→ Work item
Here is a listing. Write it all out again exactly, but not its pictures.

→ Supplied data
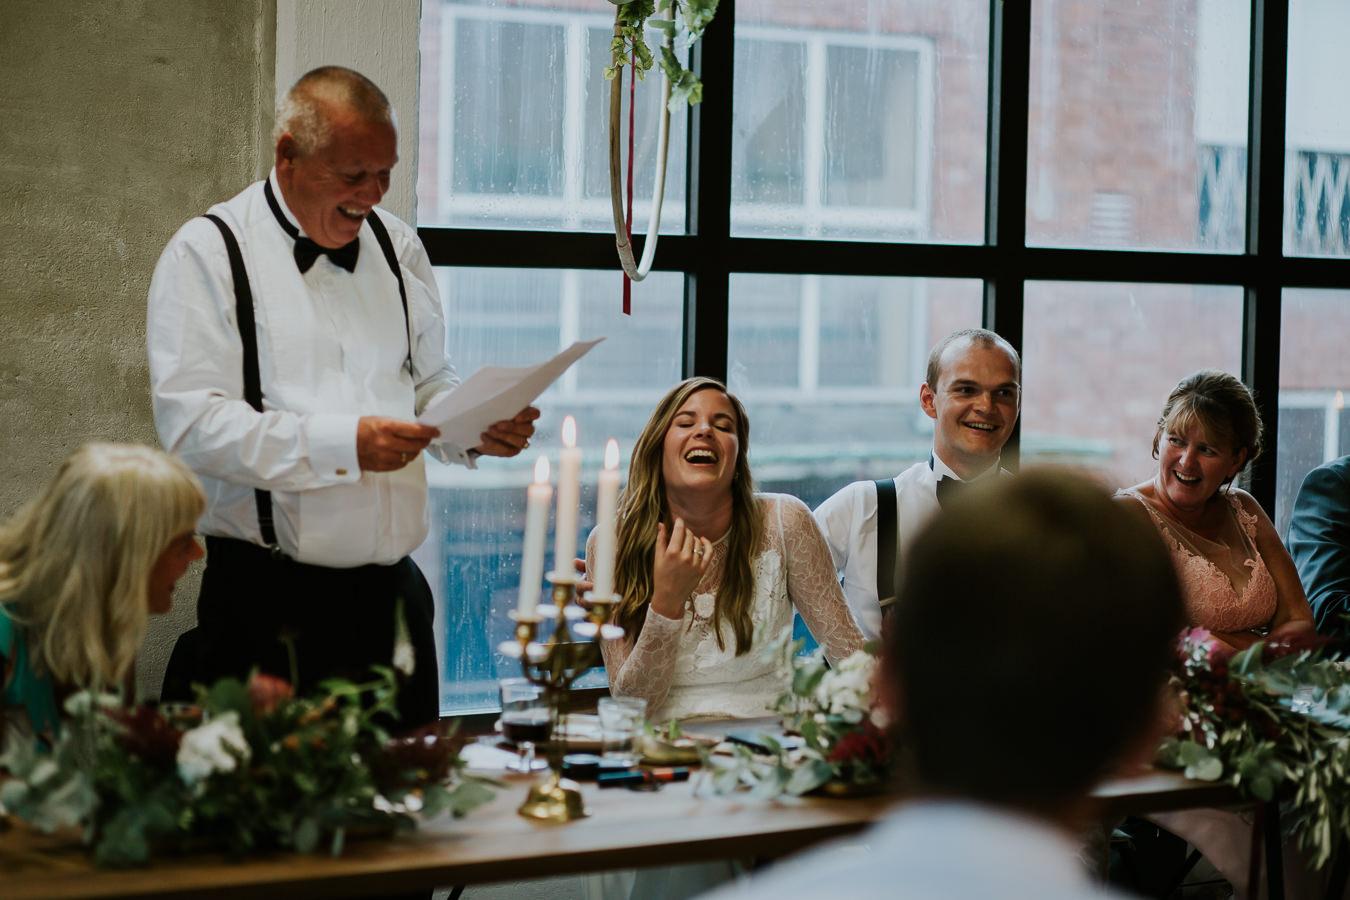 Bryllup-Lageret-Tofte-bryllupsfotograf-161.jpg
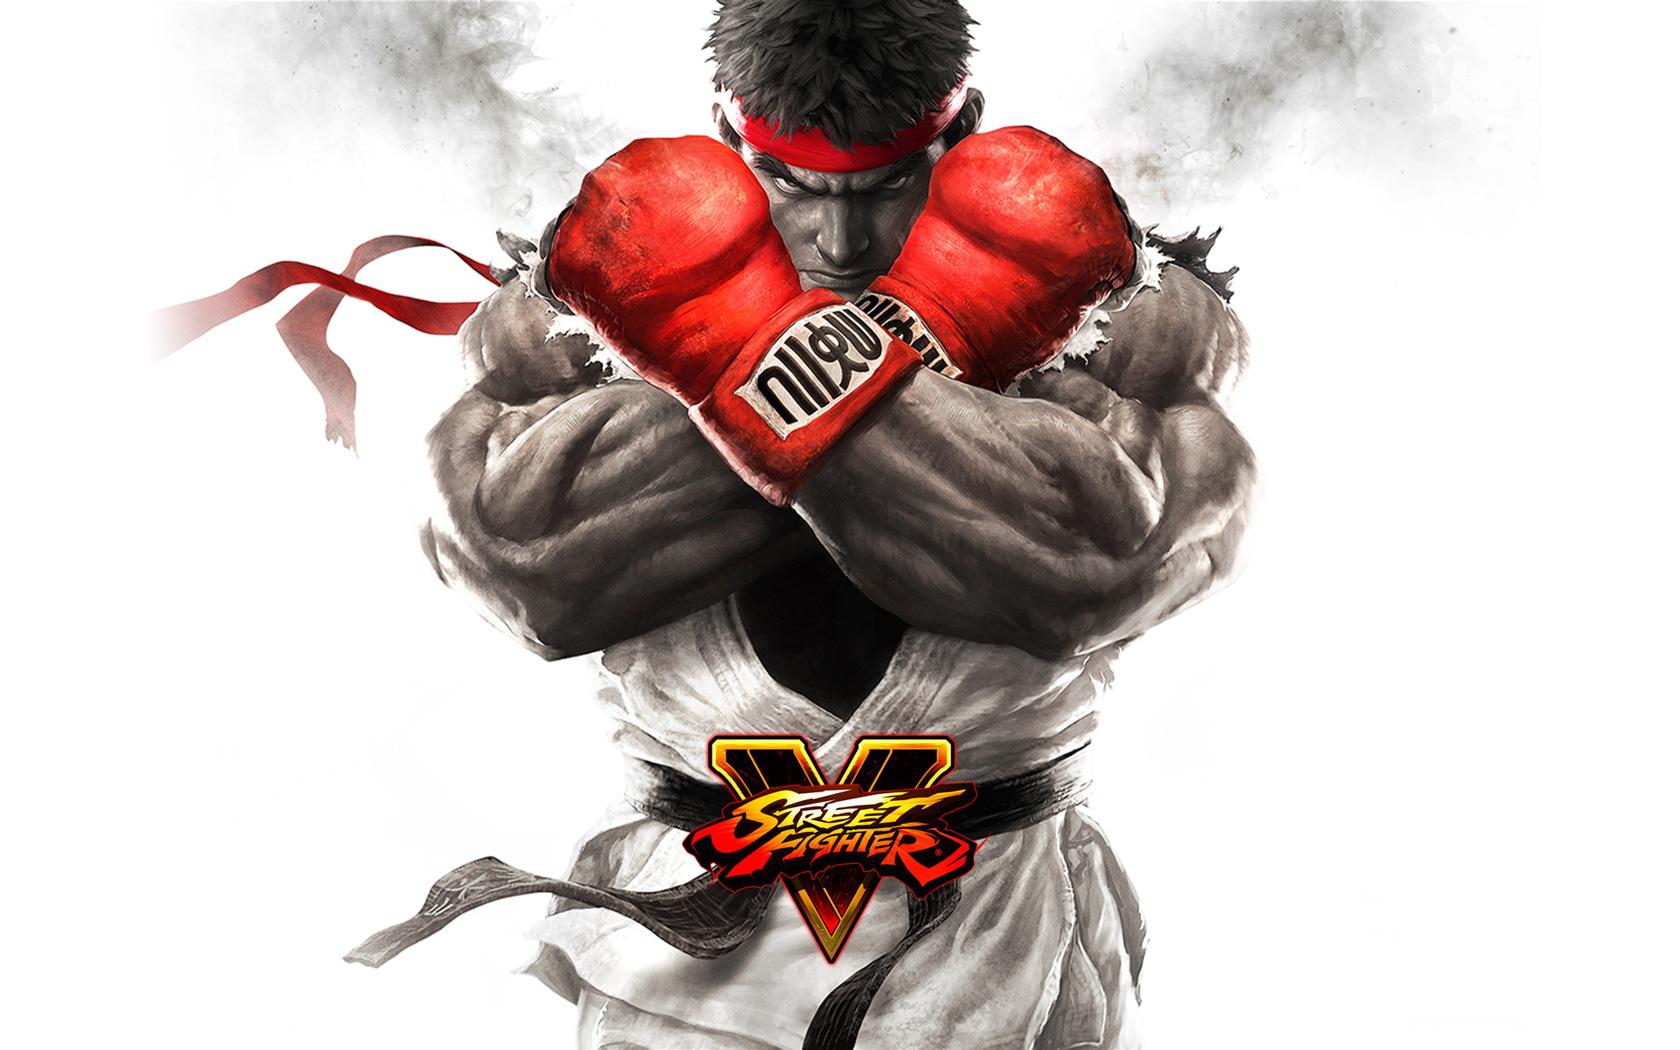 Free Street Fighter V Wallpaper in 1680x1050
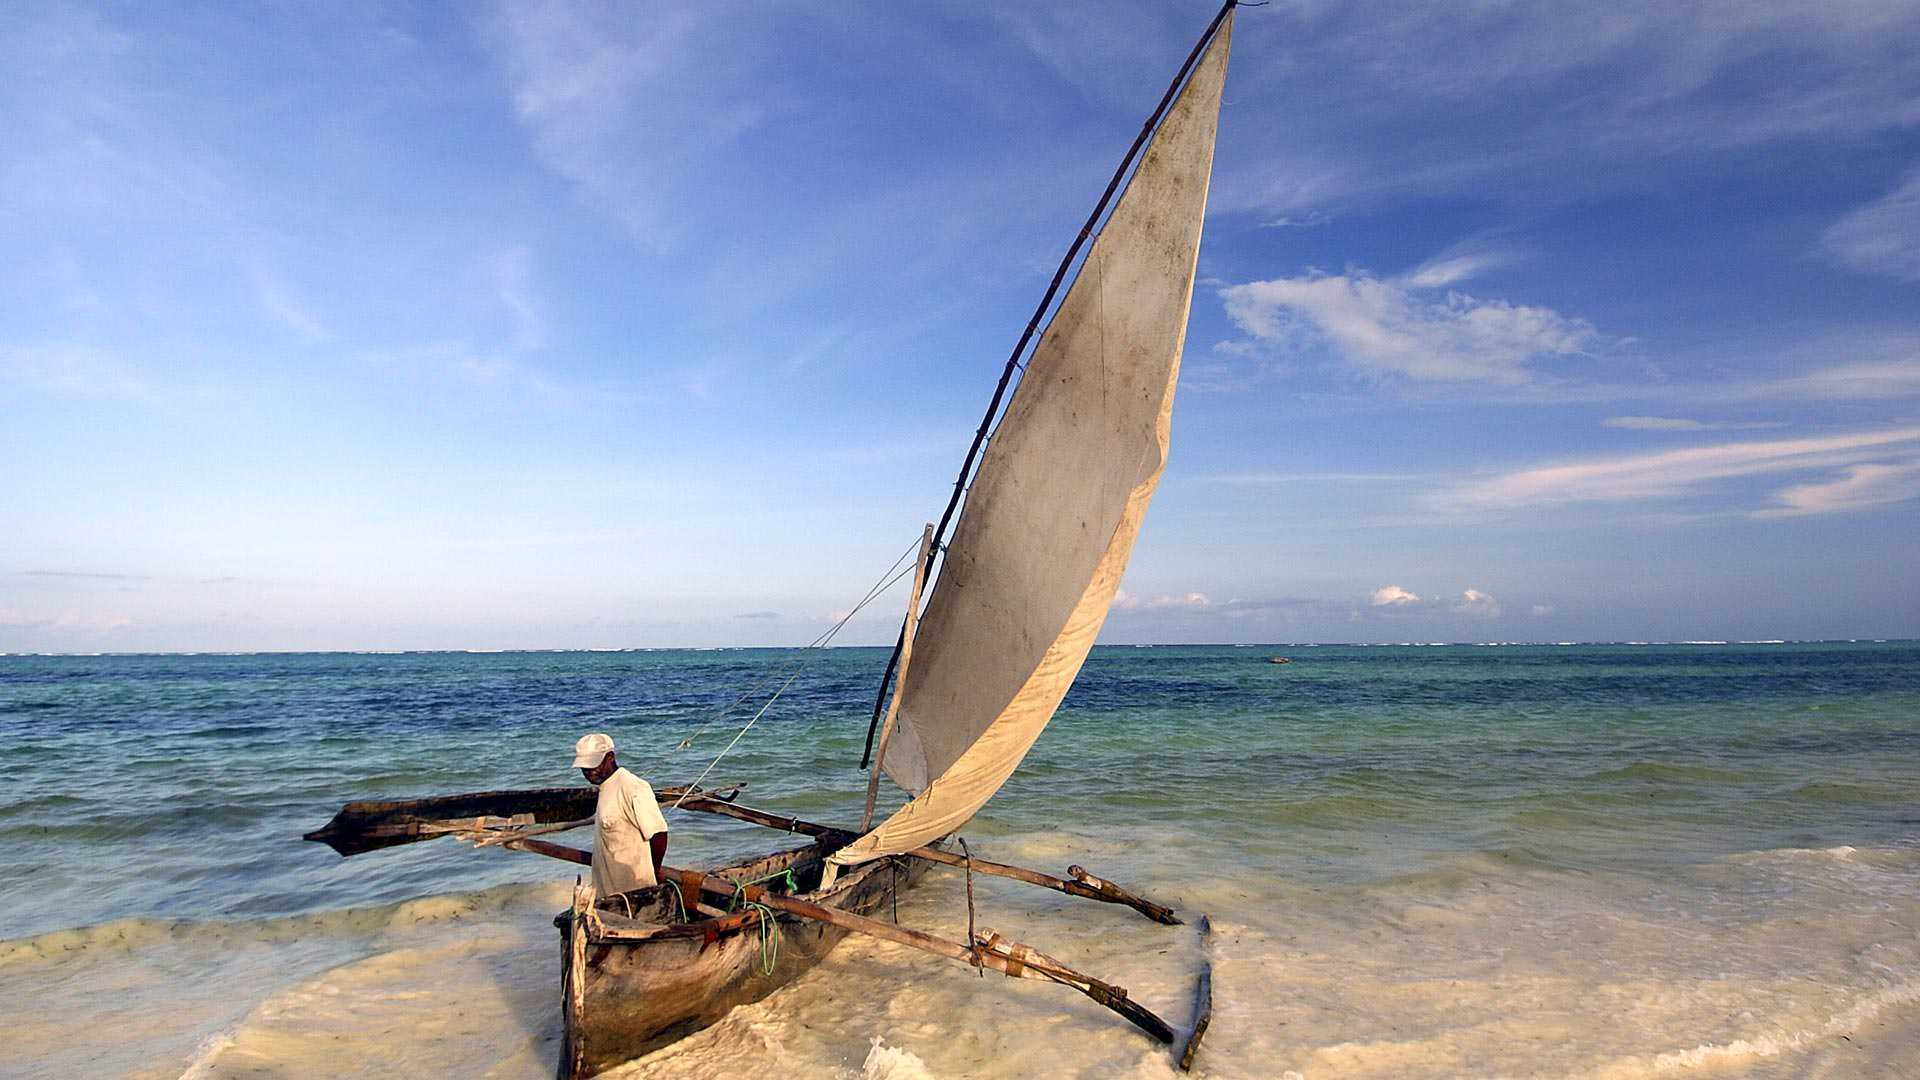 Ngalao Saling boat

→ Response below
 Bryllup-Lageret-Tofte-bryllupsfotograf-161.jpg
 Free Street Fighter V Wallpaper in 1680x1050
 Ngalao Saling boat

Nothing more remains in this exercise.